Re: mod_python.publisher : proposal for a few implementation changes

Posted by Graham Dumpleton <gr...@dscpl.com.au>.
On 30/04/2005, at 9:40 PM, Nicolas Lehuen wrote:

> Graham, the encoding used by PyArg_ParseTuple is indeed UTF-8, whereas
> str(unicode_string) uses the default encoding of the platform Python
> is running on, which is unpredictable (for example, for years now
> under win32 it has been ASCII even though there are ways to get the
> default encoding specific to the current setup ; I suspect the
> situation is not better on other platforms).
>
> Thus, if we removed the check for UnicodeType and simply did result =
> str(object) for unicode string, we would have runtime exceptions,
> because if the string contains accents, under win32, the default
> encoder (ascii) will complain that it does not know how to encode
> them.
>
> I'd rather have the developer choose explicitely the encoding he
> wishes to use, with a default to UTF8, through the content-type
> header.

Hmmm, getting confusing. :-(

The code says:

     if (encoding == NULL)
         encoding = PyUnicode_GetDefaultEncoding();

     /* Shortcuts for common default encodings */
     if (errors == NULL) {
         if (strcmp(encoding, "utf-8") == 0)
             return PyUnicode_AsUTF8String(unicode);
         else if (strcmp(encoding, "latin-1") == 0)
             return PyUnicode_AsLatin1String(unicode);
#if defined(MS_WINDOWS) && defined(HAVE_USABLE_WCHAR_T)
         else if (strcmp(encoding, "mbcs") == 0)
             return PyUnicode_AsMBCSString(unicode);
#endif
         else if (strcmp(encoding, "ascii") == 0)
             return PyUnicode_AsASCIIString(unicode);
     }

     /* Encode via the codec registry */
     v = PyCodec_Encode(unicode, encoding, errors);

Thus default doesn't seem to be UTF-8 but is what ever the default
encoding is as would be used by str().

Maybe mod_python should have an Apache configuration file option which
allows you to set the default encoding. Internally it could call:

   PyUnicode_SetDefaultEncoding()

The option would only be able to be set outside of any <Directory> or
other directives. Ie., same level as PythonImport. If the option is
not set, mod_python could forcibly set it to something which makes
more sense in a web environment and would cause less problems. For
example, could set it to "UTF-8" if that works better.
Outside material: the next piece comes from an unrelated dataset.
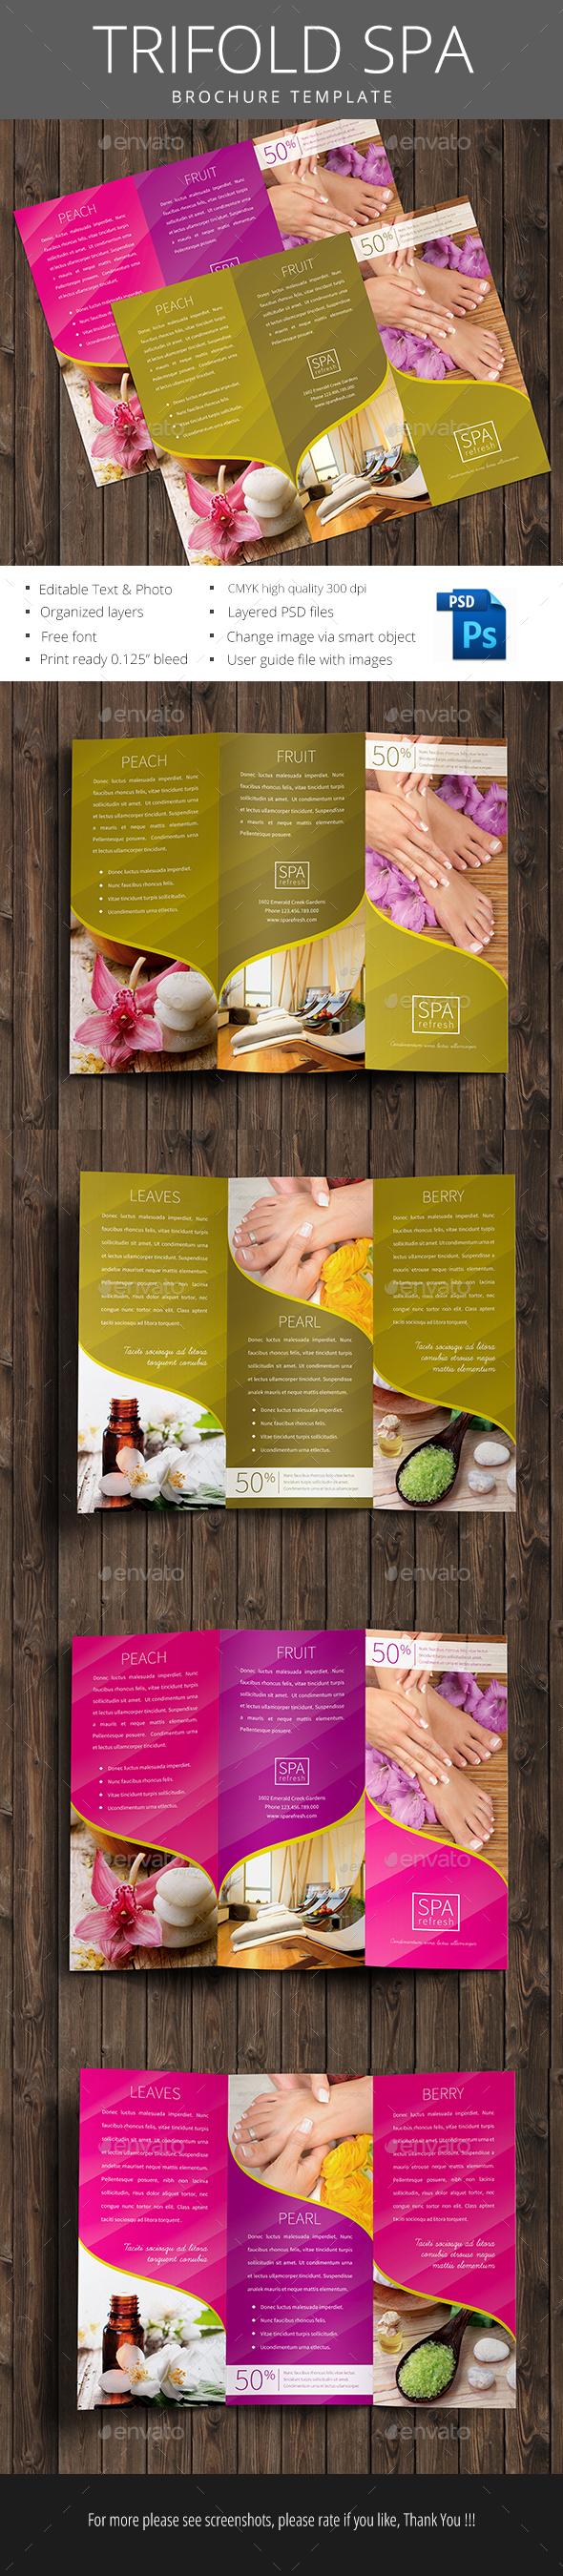 Spa Trifold Brochure - Brochures Print Templates

Only thing I am not sure about is at what version of Python this
function was introduced. Am a bit confused that my Python 2.3 on
Mac OS X doesn't have sys.setdefaultencoding() yet in the Python 2.3.4
source code I have, it is present. I presume that the underlying C
function would still be there though.

Graham


Re: mod_python.publisher : proposal for a few implementation changes

Posted by Nicolas Lehuen <ni...@gmail.com>.
Graham, the encoding used by PyArg_ParseTuple is indeed UTF-8, whereas
str(unicode_string) uses the default encoding of the platform Python
is running on, which is unpredictable (for example, for years now
under win32 it has been ASCII even though there are ways to get the
default encoding specific to the current setup ; I suspect the
situation is not better on other platforms).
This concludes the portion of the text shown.